Oh, don't get me started on this subject. I think I already am started on this subject. I feel adamant. And angry. Because I do know people who are in this situation, people who are discriminated against simply because they love somebody who a certain part of society says is unnatural, and illegal in the sense that, you know, you're not gonna get locked up or arrested or whatever, but you're not gonna have the same rights as the rest of us.
That's absurd! Absolutely absurd! (chuckles)
There's no logical reason for it except that people have been taught this, and they never learn anything different. Arrggh!
But in California this week, there was a victory! And . . . and, and every man and woman in America should celebrate it, not just . . . not just people who are gay. Not just people who are in same-sex relationships, but every man and woman. Because until . . . you know, it's the old cliche: Until we're all free, then, none of us is free. Until we all have the same rights in this country, then none of us has those rights. It's as simple as that.
[Returns to announcing songs in the previous set.]
Likewise, I guess I need to inform a gay friend of mine that he must not be after all, being that I have known him for 20 years and still oppose same-sex marriage -- an opposition that, according to Scelsa, must be rooted in my complete ignorance of homosexuals.
Yea, verily I stand before thee as a hater, for I have been carefully taught. By the Catholic Church.
Well, slap mah mouf and call me Nellie Forbush.
Of course, Vin Scelsa is entitled to his opinion, no matter how ungrounded in natural law or human anthropology. On the other hand, Mr. Scelsa last weekend took a nice little chunk of his program to trash part of the mission statement, as it were, of his employer. You know, the Jesuits. A wholly owned subsidiary of the Catholic Church -- that bigoted bunch of haters who carefully taught the likes of lil' ol' me to hate the poofters, don't you know?

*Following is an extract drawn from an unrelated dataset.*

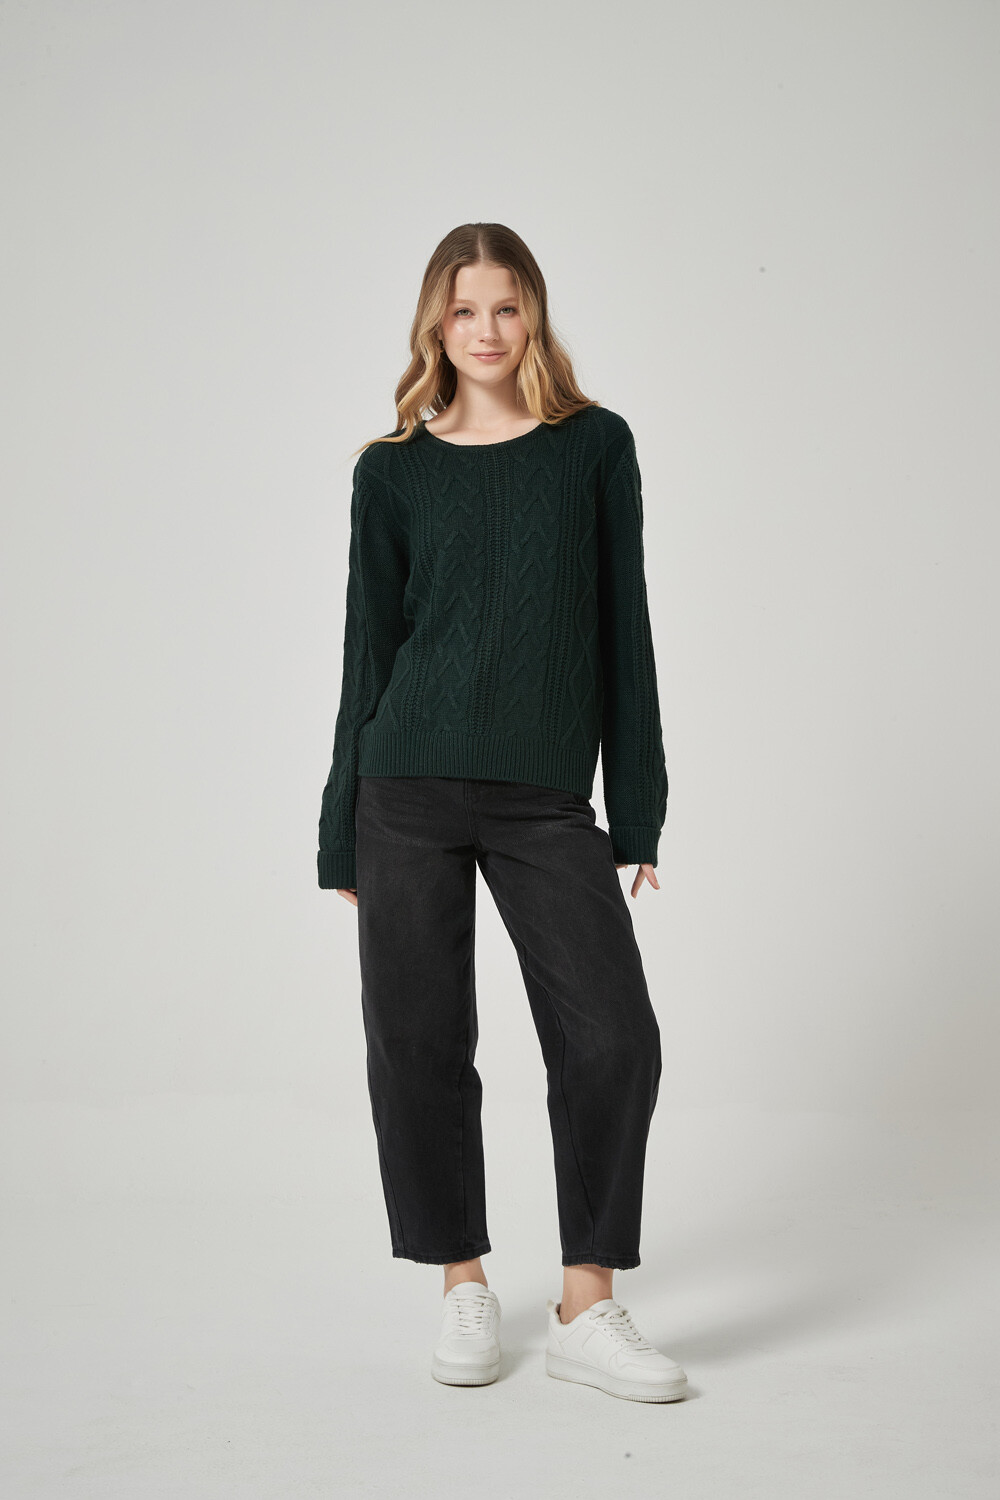 Sweater Focio Verde Oscuro

WHICH, TO BE SURE, isn't even true. Nowhere does the Church say to hate anyone. Nowhere does the Church say that same-sex attraction is even sinful.
What the Church does say is that marriage -- defined as the union of a man and a woman for many millennia now -- is "a partnership of the whole of life, is by its nature ordered toward the good of the spouses and the procreation and education of offspring." Same-sex unions not only never have met the "marriage" litmus test but, according to how marriage has been defined throughout all of human history, never can meet that standard.

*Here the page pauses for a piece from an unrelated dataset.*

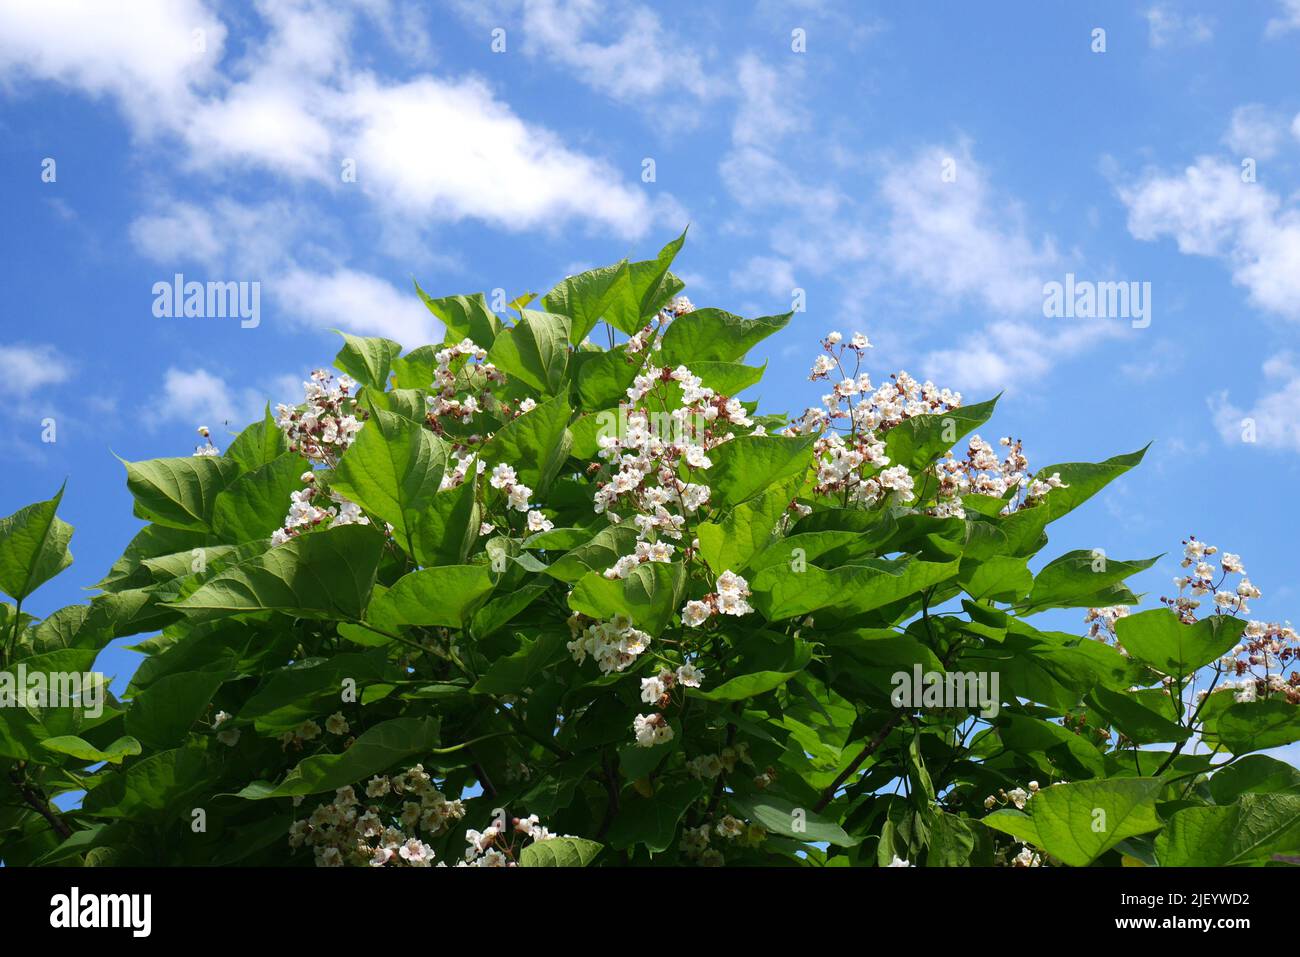 Catalpa tree in flower in a garden, Hungary Stock Photo

What the Church also says is that sex outside of marriage is sinful, not to mention societally disruptive. Therefore, while homosexuality is a condition that is neither virtuous nor sinful, it is a disordered condition in regards to how intimate relationships were biologically and sociologically designed to operate. And, therefore, homosexual acts are sinful -- there is no way for them to occur in a morally licit context.
IT WILL BE INTERESTING to see how far gone the Jesuits are -- whether they've gone from mere doctrinal squishiness to out-and-out self-hatred with anti-Church proclivities. Really, are the Jebbies so far gone that they'll tolerate letting their employee use their facilities to trash a fundamental teaching of their Church, and then insinuate they're a bunch of mind-poisoning bigots?
I can't speak for the Jesuits, but let me ask you this: Would you let it slide if you invited someone into your home (or into your employ), only to have the wretched little troll take your money, eat your food, insult your religion and your moral values after having hijacked your PA system?
Me, I think you'd probably sock the sumbitch in the schnoz and throw his ass into the street. That's what I think.
But I guess I could be wrong " . . . because the world is changing, people are changing."